0

I have a Scrapy spider wrapped in to Django and to start it programatically I am using scrapyscript which uses Billiard queues and Processes to run Scrapy. I know it's a strange setup but I need a spider that can be run by cron and work with django orm. Also, everything works fine, I get my data scraped, I can run it programatically, but one thing sucks: the spider gets stuck and code execution waits forever.

# start.py
cmd = ['C:\\PycharmProjects\\...\\start.bat', ]
subprocess.call(cmd)

# start.bat
python C:\\...\\manage.py runserver --noreload

# urls.py
from my_app.myFile import MyClass
c = MyClass()

# myFile.py
class MyClass(object):

    def __init__(self):
        githubJob = Job(ScrapOnePage, url='some/url')
        processor = Processor(settings=None)
        data = processor.run(githubJob)
        print(data)

ScrapOnePage works out great, no need to show it, it does the job.
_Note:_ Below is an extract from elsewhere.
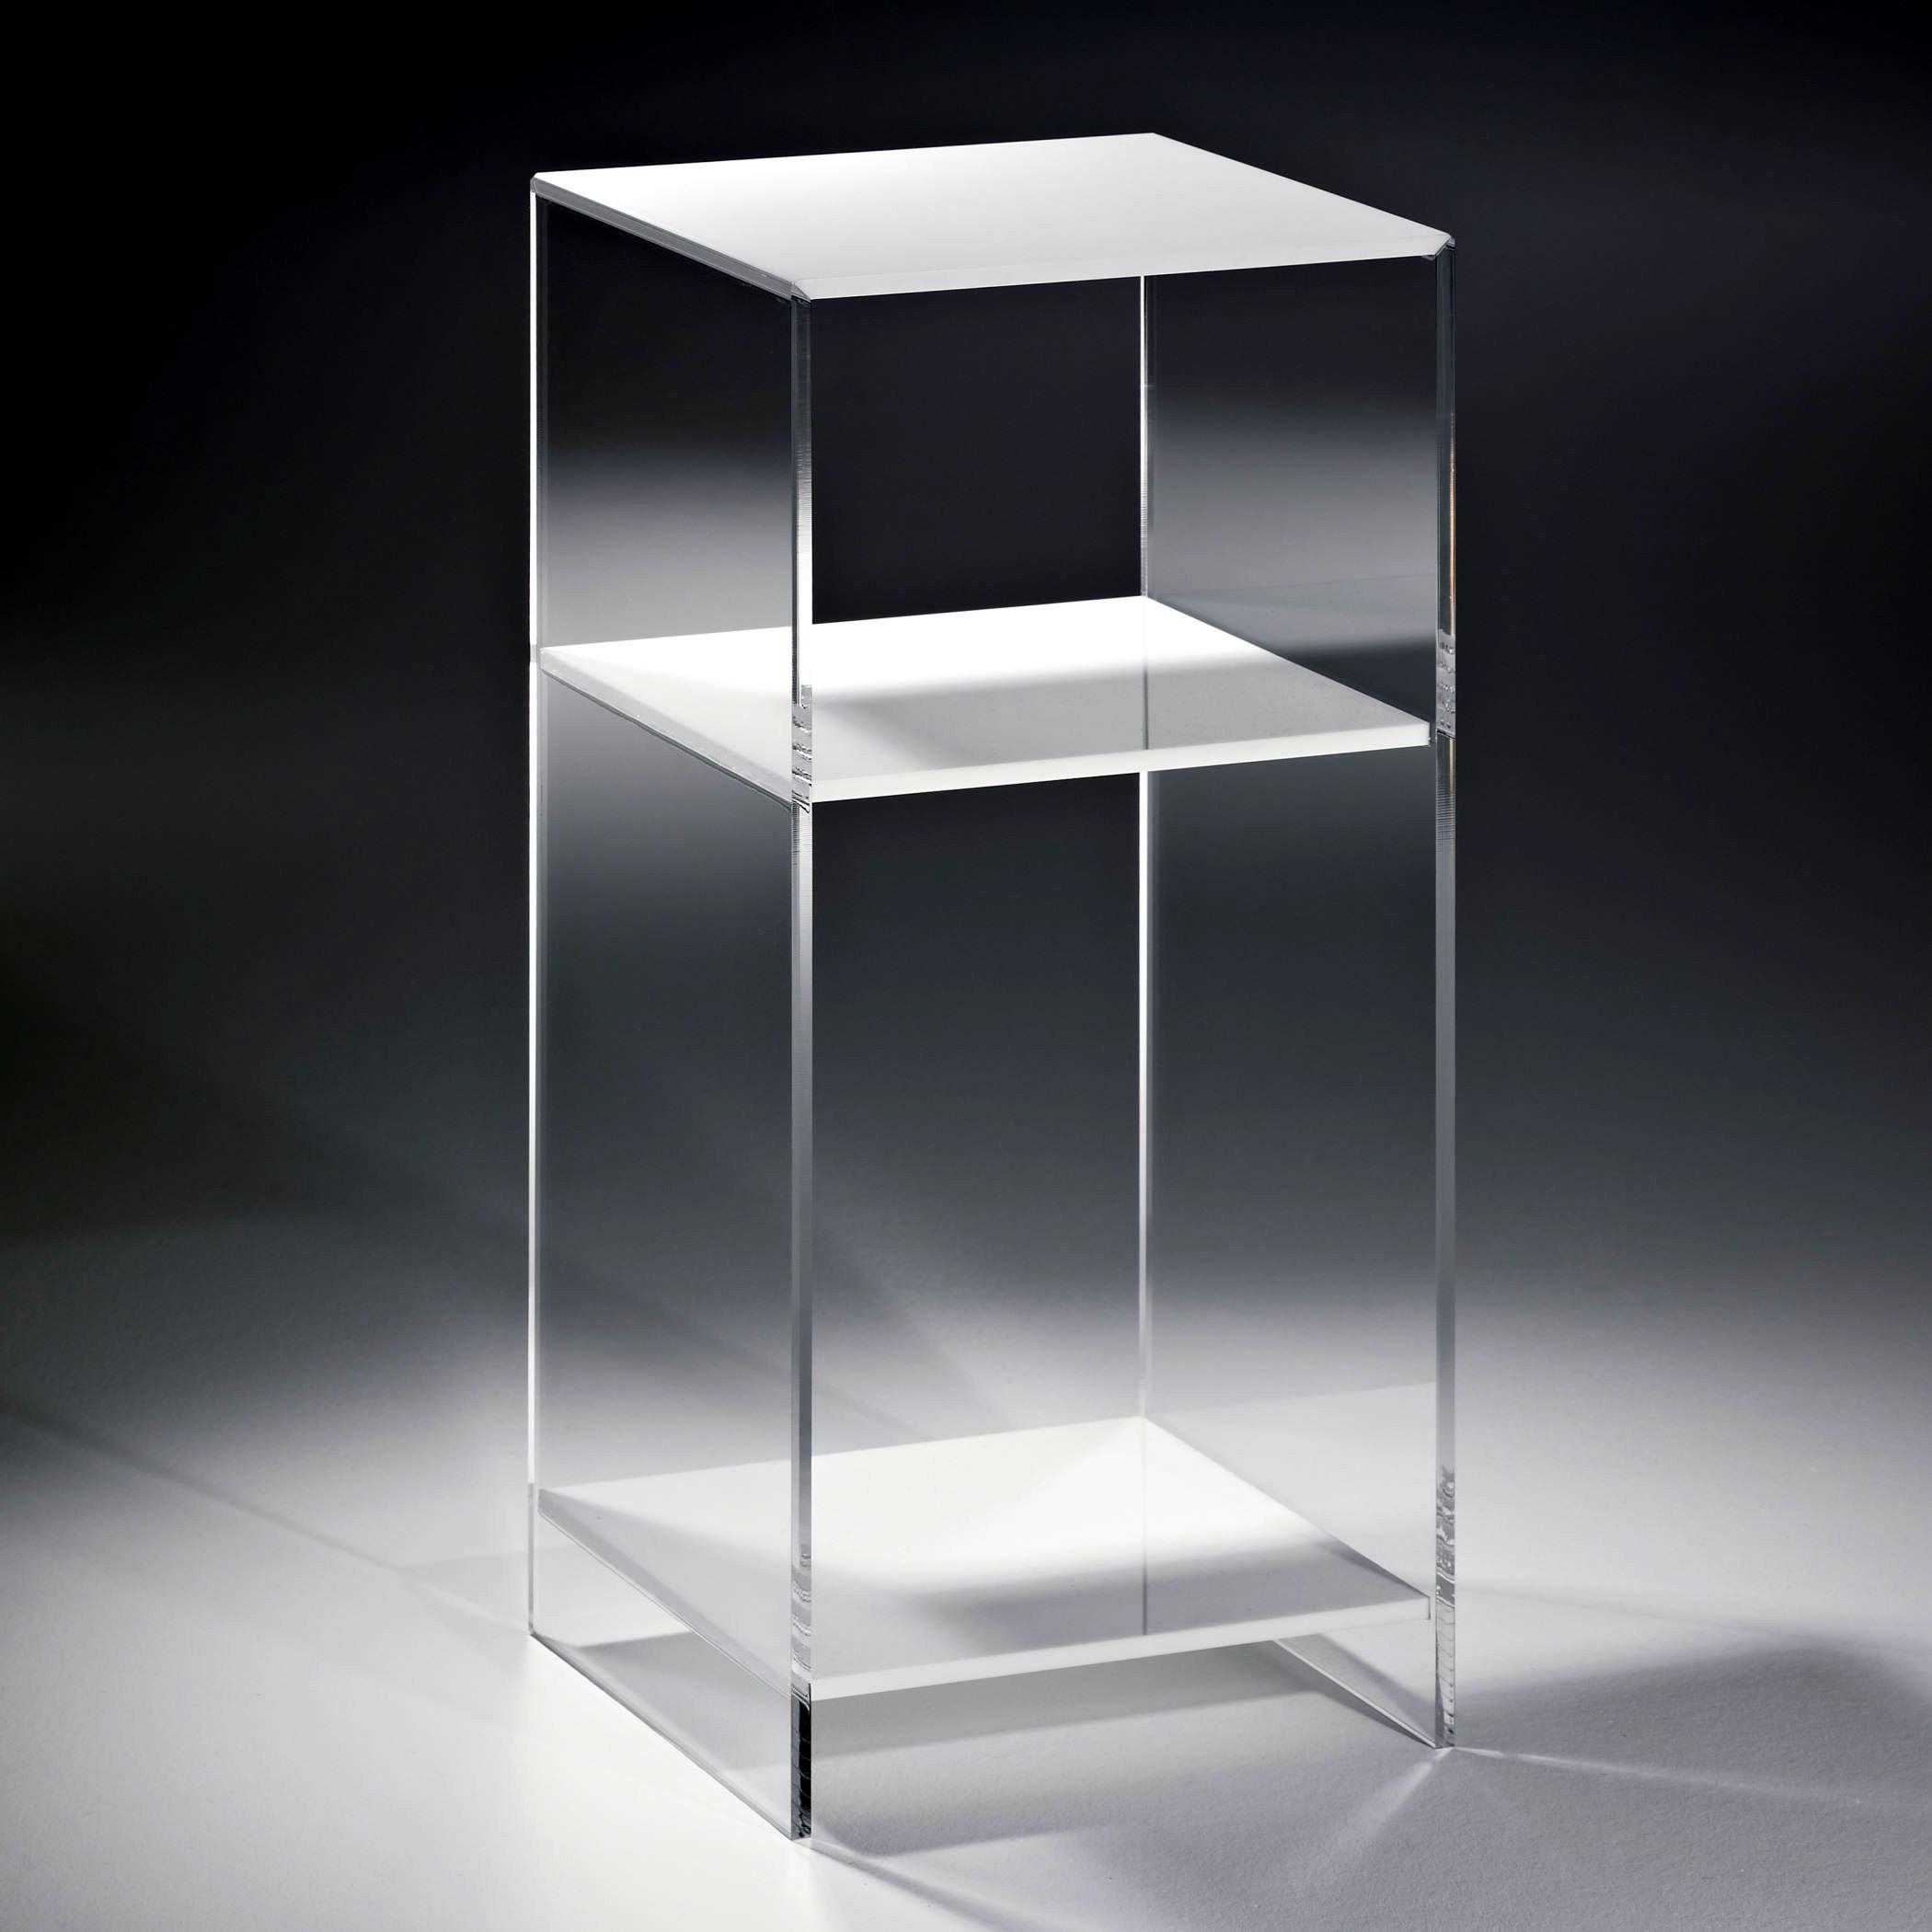 hochwertiges acryl glas standregal konsole mit 2 f chern. Black Bedroom Furniture Sets. Home Design Ideas

The problem is Processor, somehow after saying "spider closed" it doesn't let go and doesn;t continue to another line. print(data) never happens, no matter how long I wait. This is what hangs around forever:

2020-01-05 22:27:29 [scrapy.core.engine] INFO: Closing spider (finished)
2020-01-05 22:27:29 [scrapy.statscollectors] INFO: Dumping Scrapy stats:
{'downloader/request_bytes': 1805,
 'downloader/request_count': 4,
 'downloader/request_method_count/GET': 4,
 'downloader/response_bytes': 5933,
 'downloader/response_count': 4,
 'downloader/response_status_count/200': 1,
 'downloader/response_status_count/301': 3,
 'finish_reason': 'finished',
 'finish_time': datetime.datetime(2020, 1, 5, 21, 27, 29, 253634),
 'log_count/DEBUG': 5,
 'log_count/ERROR': 1,
 'log_count/INFO': 7,
 'response_received_count': 1,
 'scheduler/dequeued': 4,
 'scheduler/dequeued/memory': 4,
 'scheduler/enqueued': 4,
 'scheduler/enqueued/memory': 4,
 'spider_exceptions/IndexError': 1,
 'start_time': datetime.datetime(2020, 1, 5, 21, 27, 28, 275290)}
2020-01-05 22:27:29 [scrapy.core.engine] INFO: Spider closed (finished)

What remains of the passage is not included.